Boxer did not seek re-election in 2016. She was succeeded by then–California attorney general and future vice president Kamala Harris. In January 2020, Boxer joined Washington, D.C.–based lobbying firm Mercury Public Affairs as co-chairwoman. In January 2021, it was reported that Boxer was working as registered foreign agent for Hikvision, a Chinese state-sponsored surveillance company implicated in human rights abuses. After initially defending her work for Hikvision, Boxer reversed course and deregistered as a foreign agent. In October 2021, Boxer and others led a high-profile mass exodus of employees from Mercury's California office to form their own public affairs and consulting company.

==Early life, family, and education==

Barbara Sue Levy was born in Brooklyn, New York City, to Sophie (née Silvershein) and Ira Levy, a Jewish couple.
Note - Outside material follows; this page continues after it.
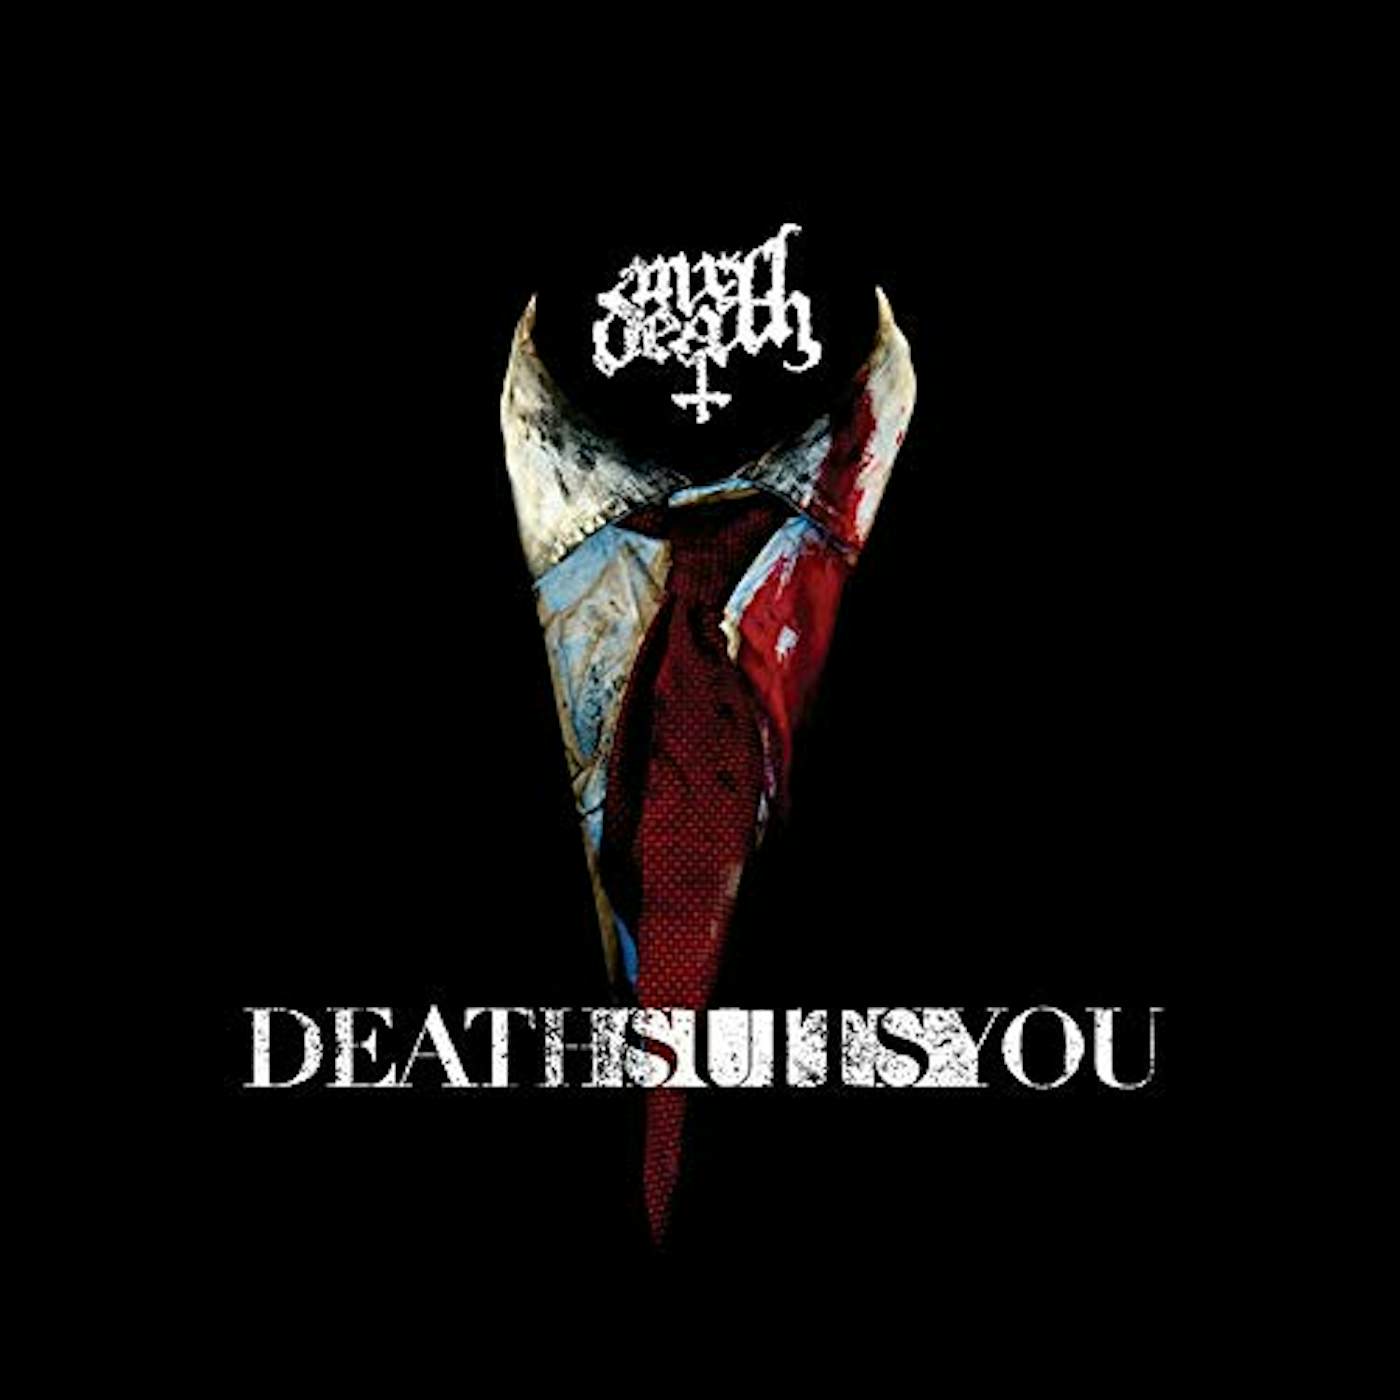 Mr. Death Death Suits You Vinyl Record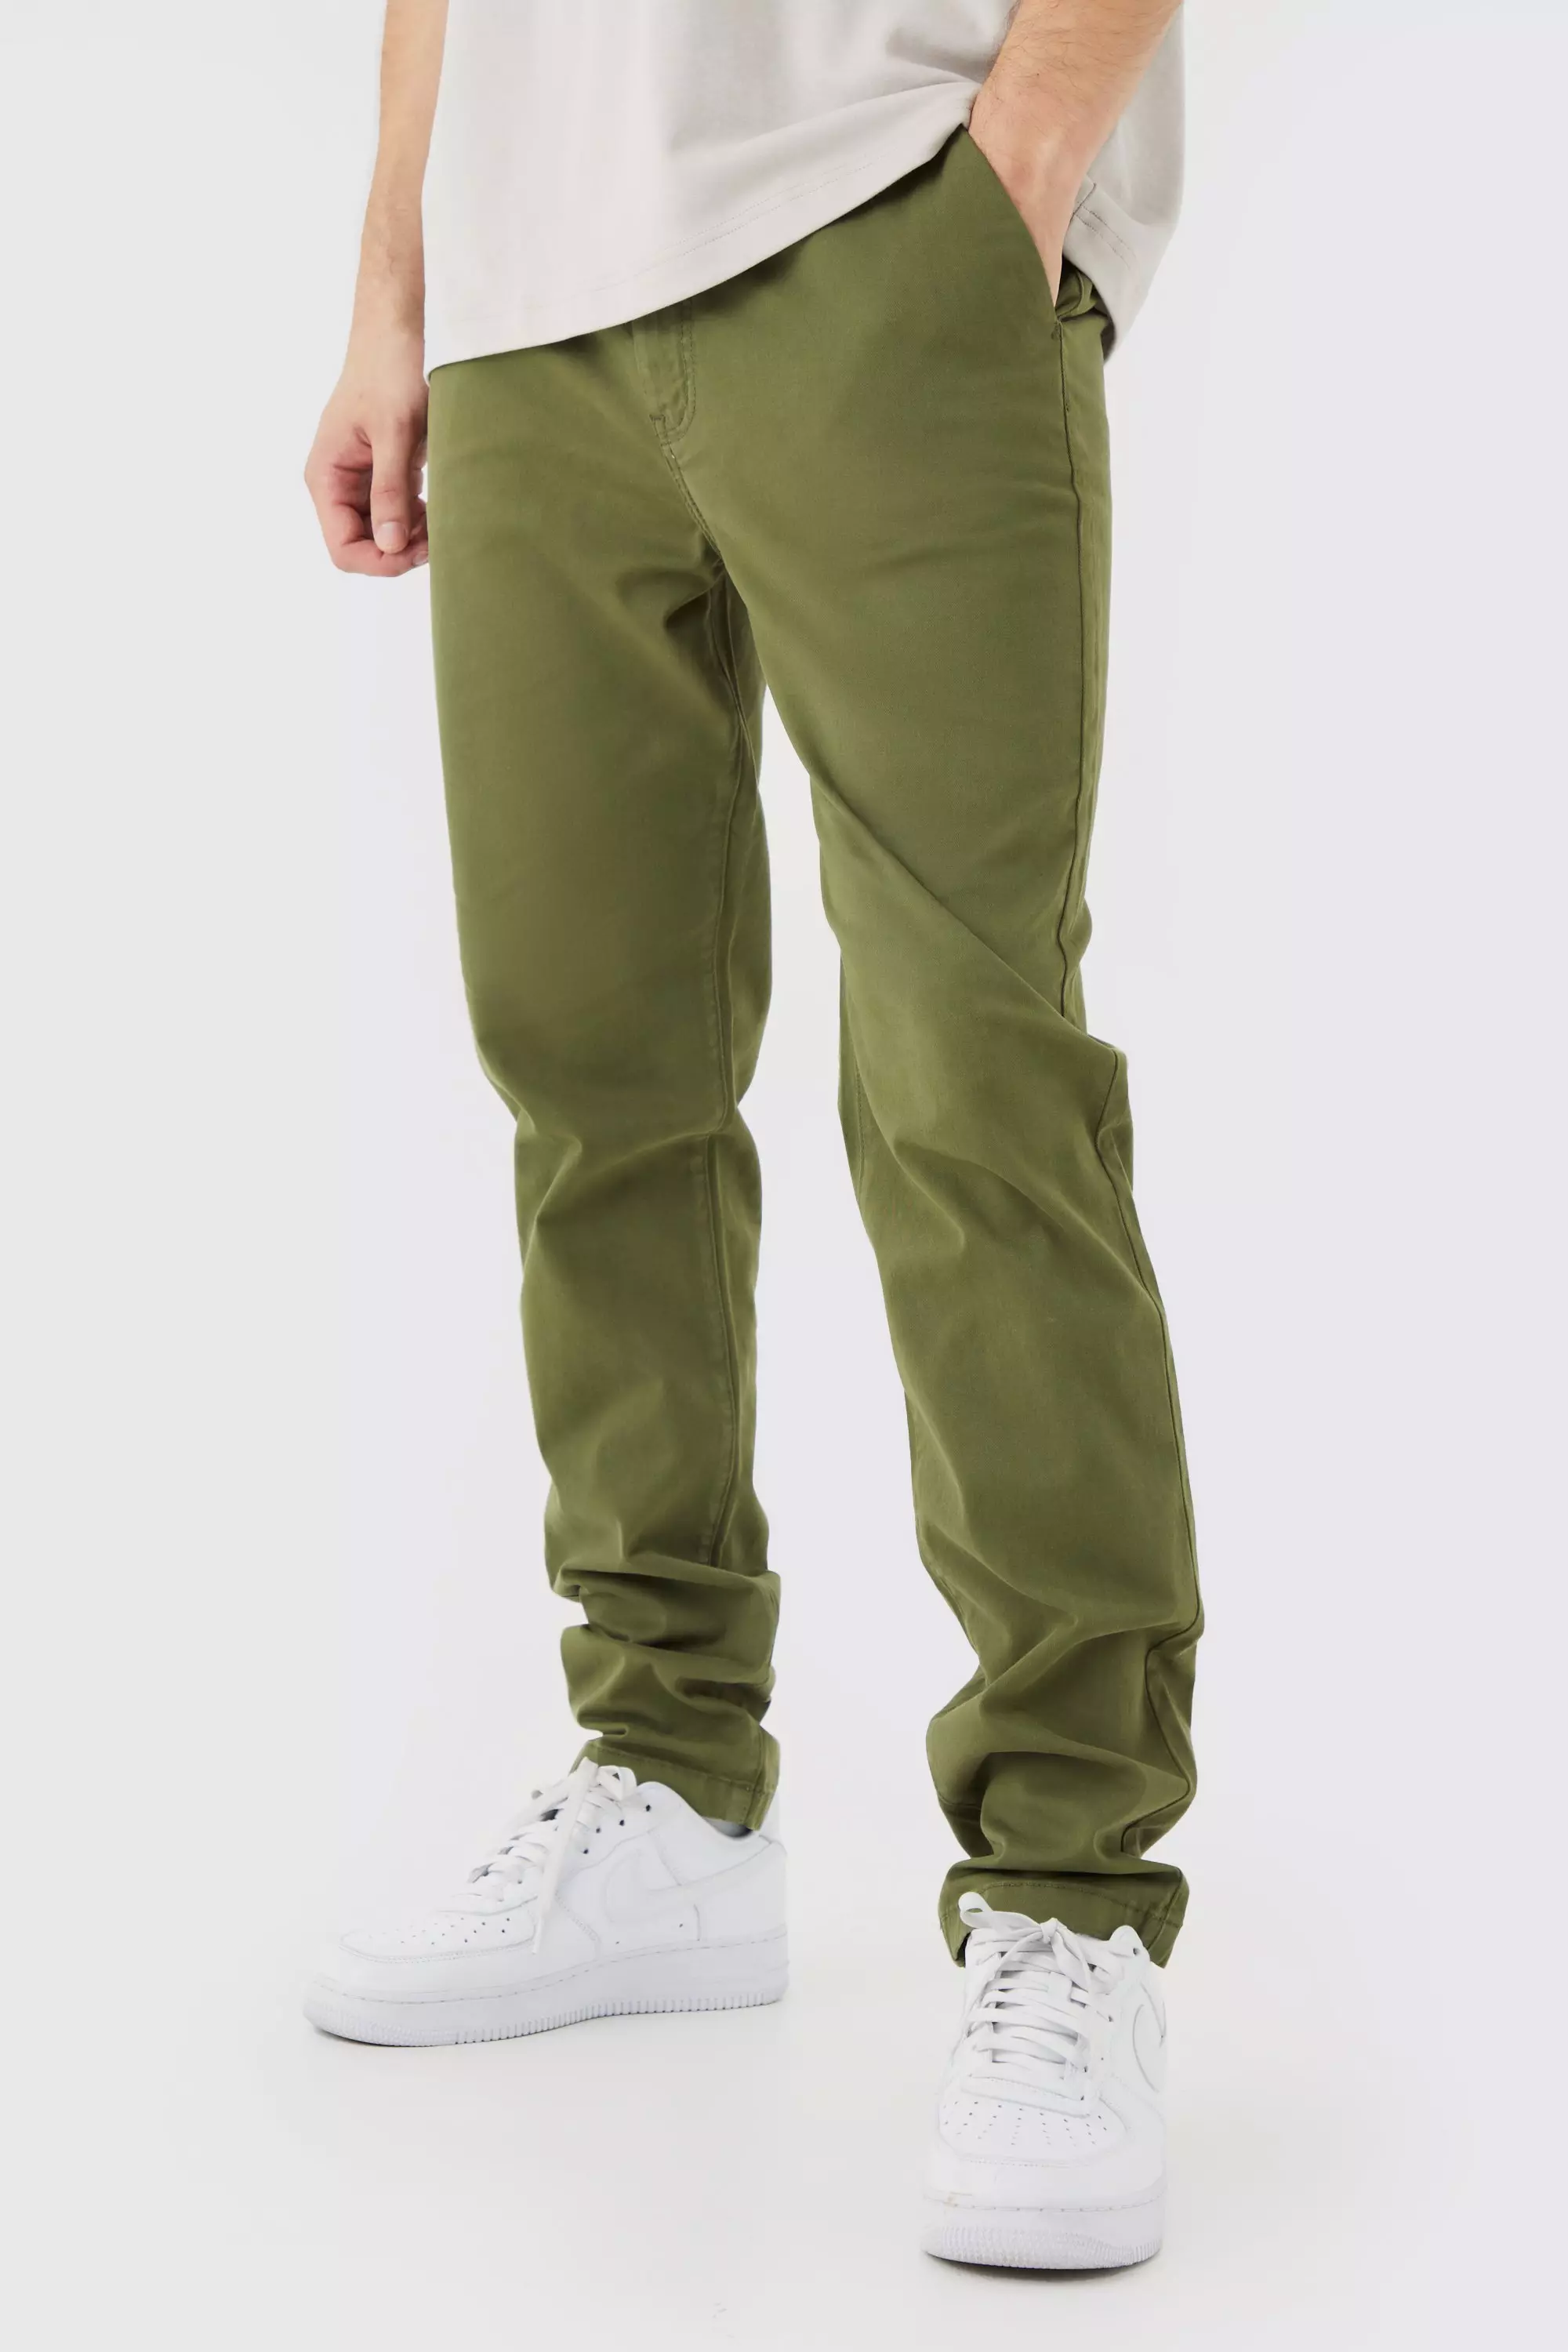 Khaki Tall Slim Chino Pants With Woven Tab

She attended public schools and graduated from George W. Wingate High School in 1958.

In 1962, she married Stewart Boxer and graduated from Brooklyn College with a bachelor's degree in economics. Barbara and Stewart Boxer moved to California in 1965.

==Early career==

Boxer worked as a stockbroker in the early 1960s while her husband went to law school. In 1968, after relocating to California, she worked on the presidential primary campaign of antiwar challenger Eugene McCarthy. In 1970, she co-founded the anti-Vietnam War Marin Alliance.

Boxer first ran for political office in 1972, when she challenged incumbent Republican Peter Arrigoni, a member of the Marin County Board of Supervisors, but lost a close election. From 1972 to 1974, Boxer worked as a reporter and editor for the Pacific Sun. She then managed the Marin campaign of John Burton, the brother of Phillip Burton, who then was the congressman representing southern San Francisco, California. John Burton intended to run against incumbent Republican District 6 Congressman William S. Mailliard from Belvedere, California. The district would be renumbered as the 5th District in January 1975. However, Mailliard resigned on March 5, 1974, so John Burton also ran in the special election to fill the remainder of the incumbent's 6th District term. Burton narrowly won both crowded races and was sworn into office in 1974, and Boxer became his staff aide.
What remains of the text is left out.